## Data provided
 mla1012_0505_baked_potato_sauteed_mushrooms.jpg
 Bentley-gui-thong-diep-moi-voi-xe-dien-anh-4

==

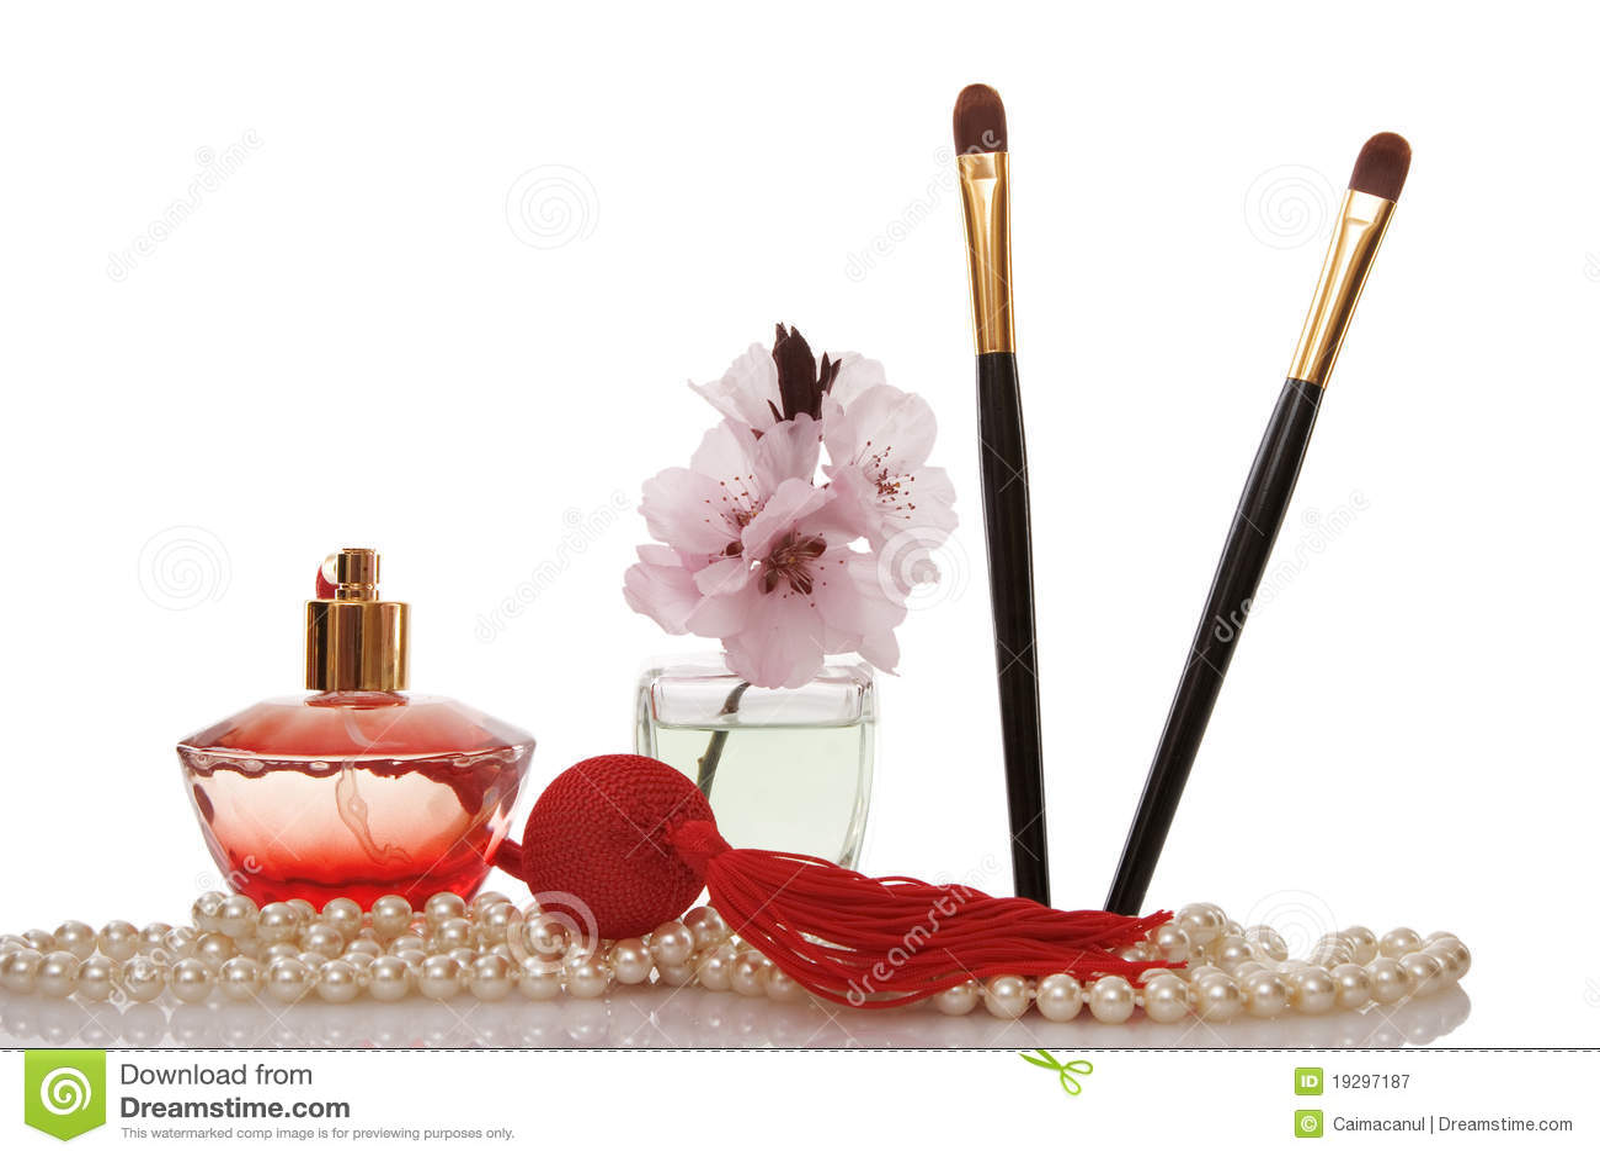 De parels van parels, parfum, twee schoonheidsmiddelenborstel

## Task directions
In the entries above, the lines between the one holding "mla1012_0505_baked_potato_sauteed_mushrooms.jpg" and the one holding "Bentley-gui-thong-diep-moi-voi-xe-dien-anh-4", inclusive, are to be printed exactly as written, and those alone.

## Finished exercise
 mla1012_0505_baked_potato_sauteed_mushrooms.jpg
 Bentley-gui-thong-diep-moi-voi-xe-dien-anh-4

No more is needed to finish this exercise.